Advances in magnetoelectric BiFeO₃ open the opportunity to commercialize innovative memory devices. Spin-based technology was employed to fabricate the magnetic random access memory (MRAM). The ferroelectric random access memory (FeRAM) based on ferroelectricity was also realized. Both memories have great properties, but unfortunately with some flaws. A new vision was hypothesized to combine both memories to create unlimited memory device. Combination of MRAM and FeRAM means coupling of ferromagnetic-ferroelectric properties in single material. Studies on magnetoelectric BiFeO₃ might hold the future for memory devices with thousands of published papers in last years. In this review, we tried to show a comprehensive picture of the large number of studies on multiferroic BiFeO₃ including techniques to enhance the properties and remove obstacles. Here, we begin with an overview of spintronics memory devices and multiferroic materials. An organized classification of studies depended on occupation site in BiFeO₃ and type of dopant was presented.

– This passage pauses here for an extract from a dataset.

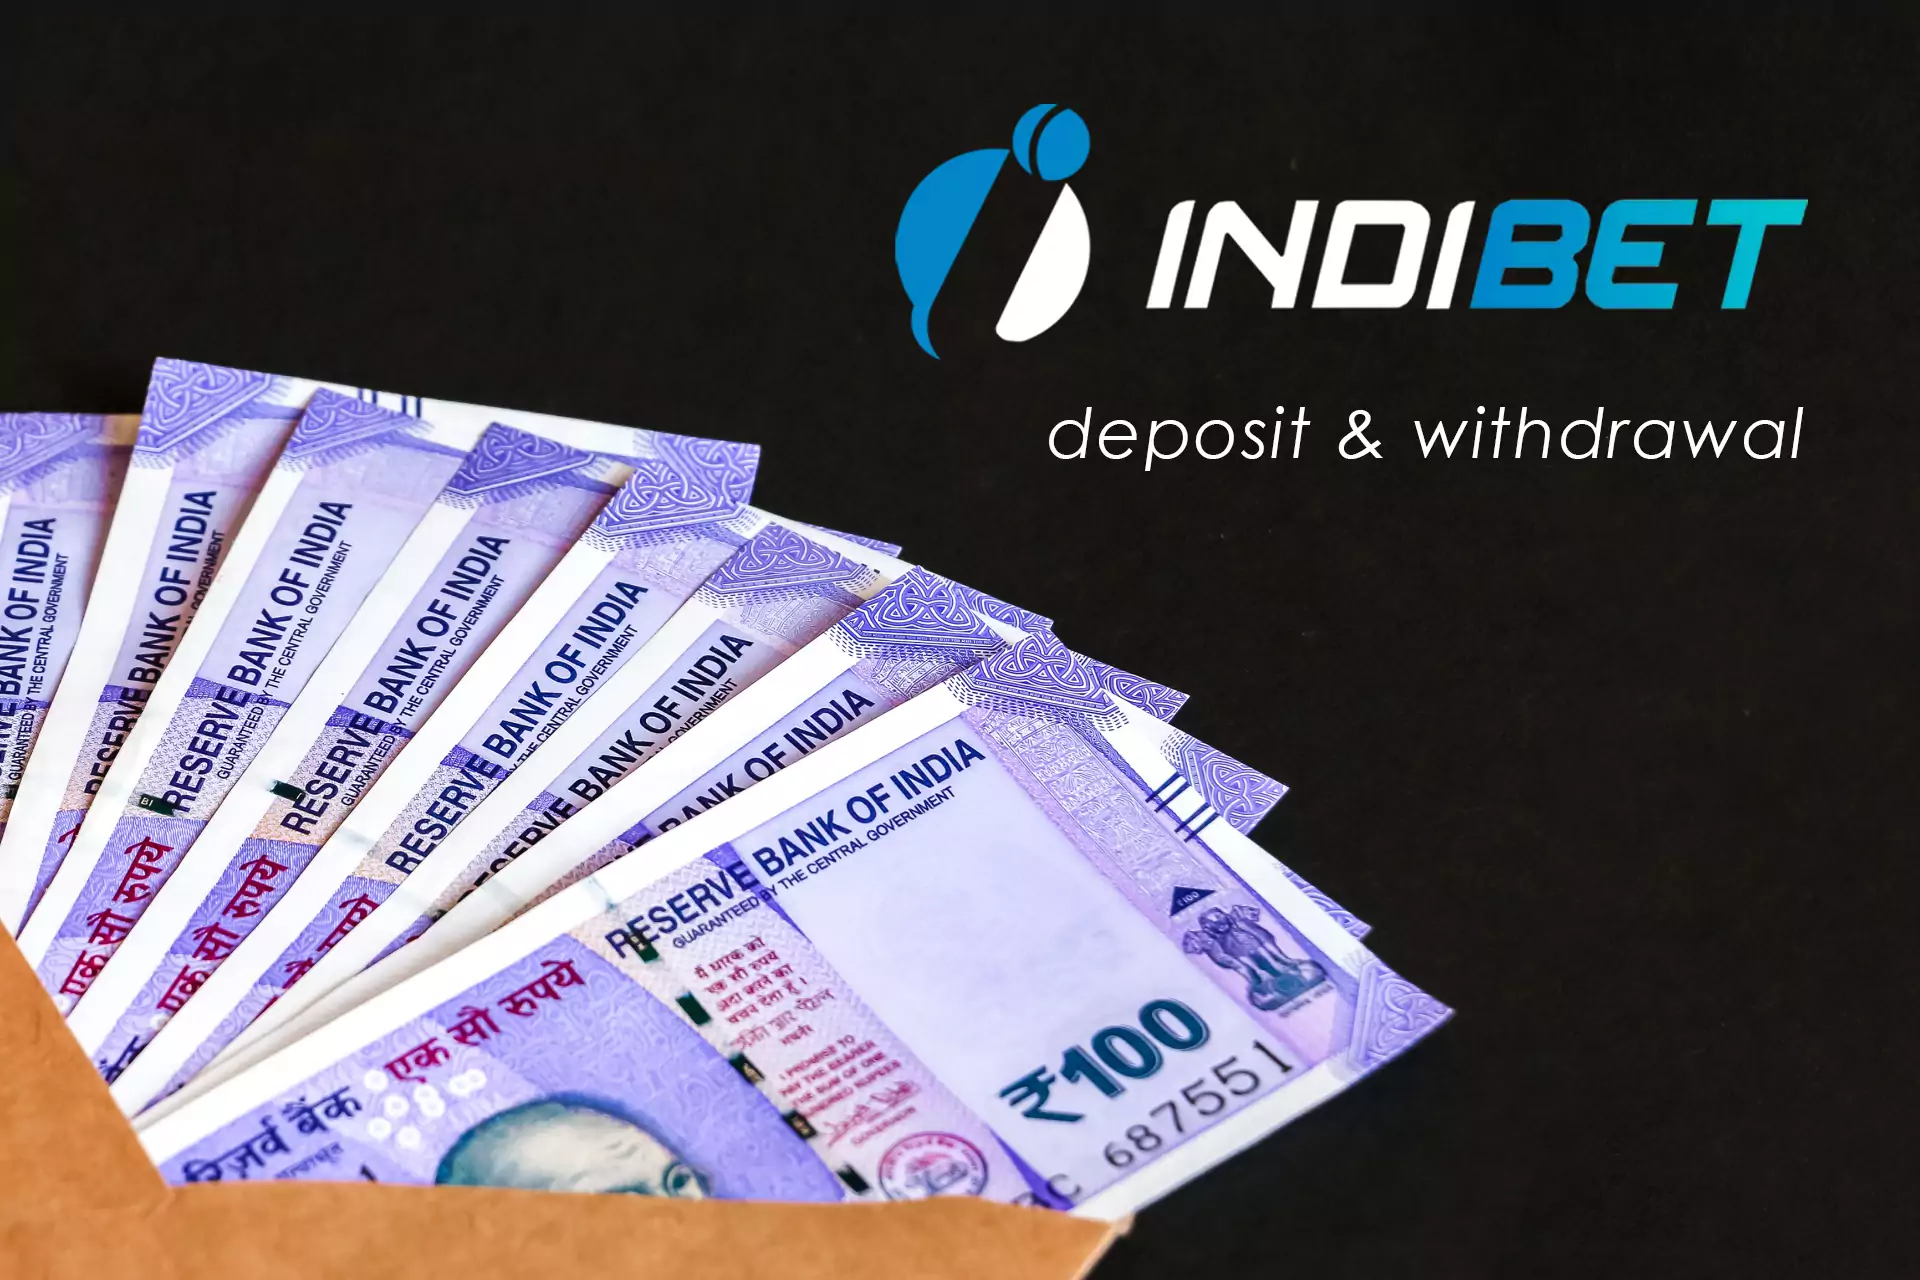 You can top up your account and withdraw funds from it in INR.

磁电BiFeO _3的进步为创新存储设备的商业化提供了机会。采用基于自旋的技术来制造磁性随机存取存储器（MRAM）。还实现了基于铁电的铁电随机存取存储器（FeRAM）。两种记忆都有很好的特性，但不幸的是存在一些缺陷。设想了一种新的愿景，即将两种内存结合起来以创建无限的存储设备。MRAM和FeRAM的组合意味着单一材料中铁磁-铁电特性的耦合。近年来，关于磁电BiFeO _3的研究可能会在存储设备中占据上风，其发表的论文数以千计。在这篇综述中，我们试图展示有关多铁性BiFeO的大量研究的综合情况。₃包括增强属性和消除障碍的技术。在这里，我们从旋转电子存储设备和多铁性材料的概述开始。根据BiFeO _3中的占领位点和掺杂剂的类型，对研究进行了有组织的分类。